With a fair number of sacrifice outlets, many of them we’ll use on our own turn, we’ll get the card draw trigger from Twinblade Assassins.  Of course, we’re also killing creatures, too.  Note that Twinblade Assassins doesn’t need to be on the battlefield when a creature dies; it simply looks back at end of turn to see if a creature went to a graveyard.  It’s not in direct service to the main line of play, but sometimes you also just need support creatures. 

Village Rites

I’m happy that we have playable commons for Commander.  This is definitely one of them.  It’s inexpensive enough that you don’t really need to plan around it.  In general, my plan will be to wait until someone uses targeted destruction (or even better, a Capsize) on one of my creatures, then use Village Rites to draw to replace whatever was getting destroyed anyway.  Same goes for a big battlefield wipe.  There’s also the utility of having it to sacrifice one of the persist creatures in a pinch. 

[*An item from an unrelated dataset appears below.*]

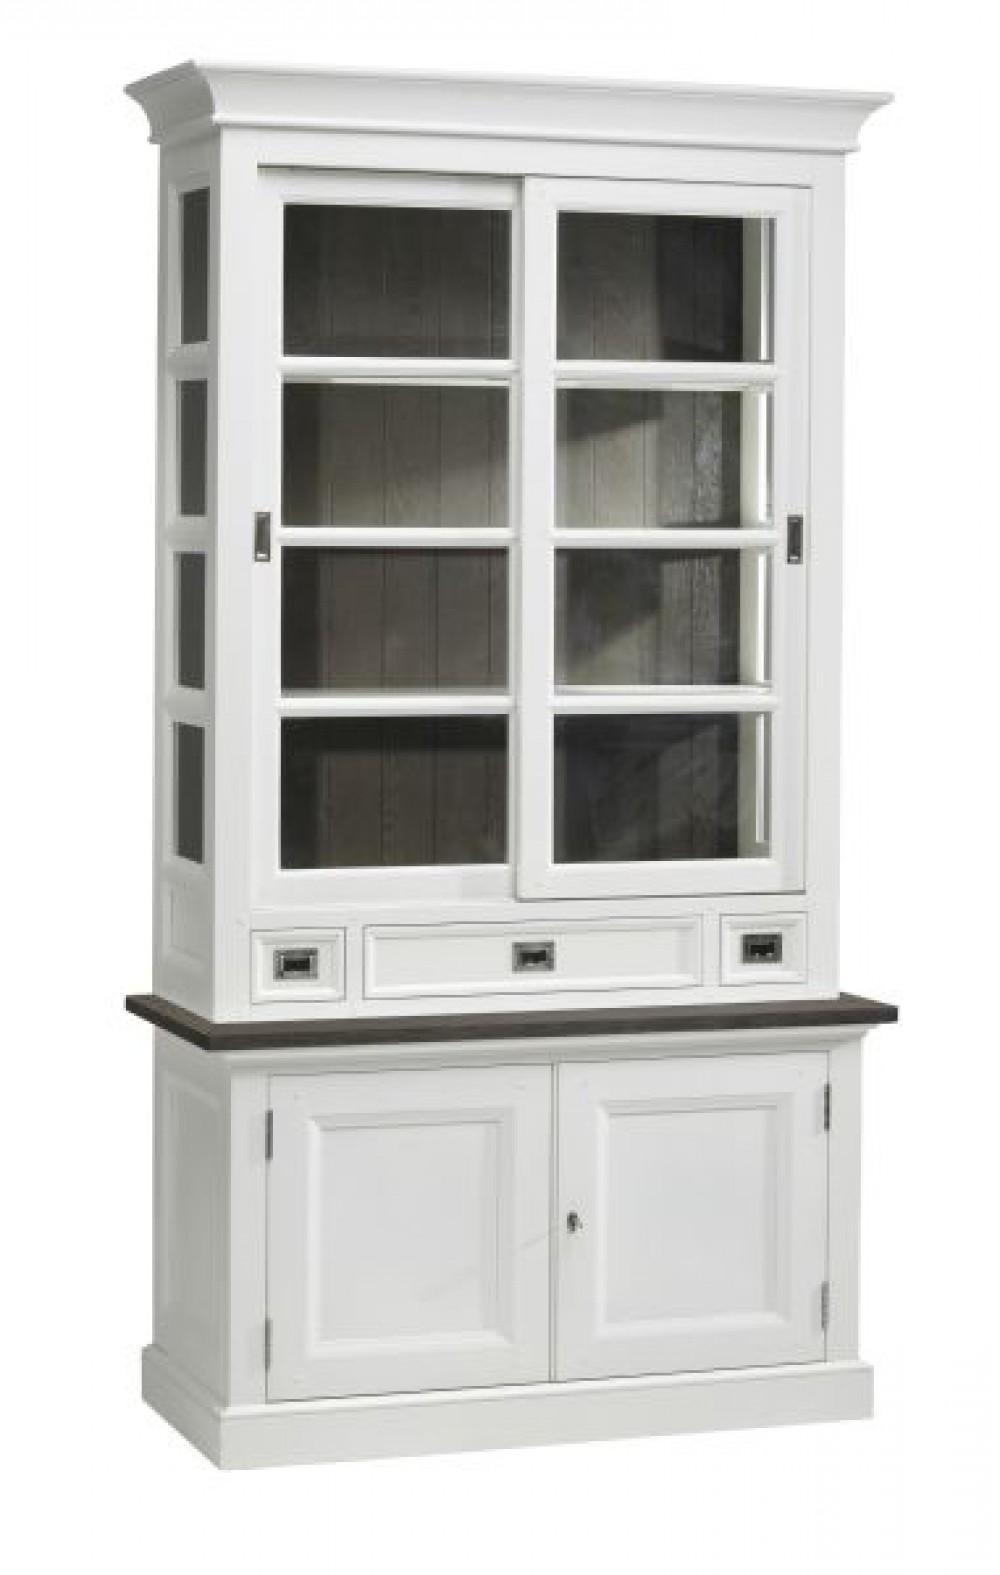 vitrine wei im landhausstil geschirrschrank wei braun breite 124 cm. Black Bedroom Furniture Sets. Home Design Ideas

Vito, Thorn of the Dusk Rose

Certainly a card that has many people talking, our inexpensive Vampire friend is here to end games.  It’s not a guarantee, but that’s just how I like it.  In advance of a large combat—whether you’re attacking or blocking—is going to lead to some life total swings.  Vito doesn’t need to be a game-ender, but its simple presence will be a game-changer.  The dream play is to ultimate Ajani, Mentor of Heroes while Vito is hanging around.

Wildwood Scourge

There’s probably a line somewhere to make Nikara and Yannik a Hydra tribal deck.  It’s not the path we’re going down here, but there’s every reason to add the smallest of the Hydras—because it’s not going to stay tiny.  You only get one counter on it regardless of how many counters you put on something else, but what will fire it into overdrive are the things that add a counter to multiple creatures at once, whether that’s Forgotten Ancient or Basri Ket’s ultimate ability. 

Witch’s Cauldron

Cheap to cast and easy to use. I must have tried to look it up as a reprint three or four times before I realized I was thinking about Witch’s Oven.  I suppose there’s a small argument to be made that Witch’s Oven could go in this slot, but I’d prefer the card draw to the extra lifegain.  And not for nothing, it also adds to devotion to black for Nykthos, Shrine to Nyx

Once the Core Set 2021 cards are in hand, I expect this to be a fun and rewarding deck to play.  It brings in all the elements that I wanted to hit from the original concept stage:  a new deck led by something from Commander 2020, featuring Core Set 2021, and leveraging commander death triggers.  The deck won’t come out of the gates too fast and thereby set itself up as the archenemy, but has the potential for some explosive mid-games.  On a locked-up battlefield state, it can also do a pretty saucy finishing move, which is sometimes just the thing a Commander game needs.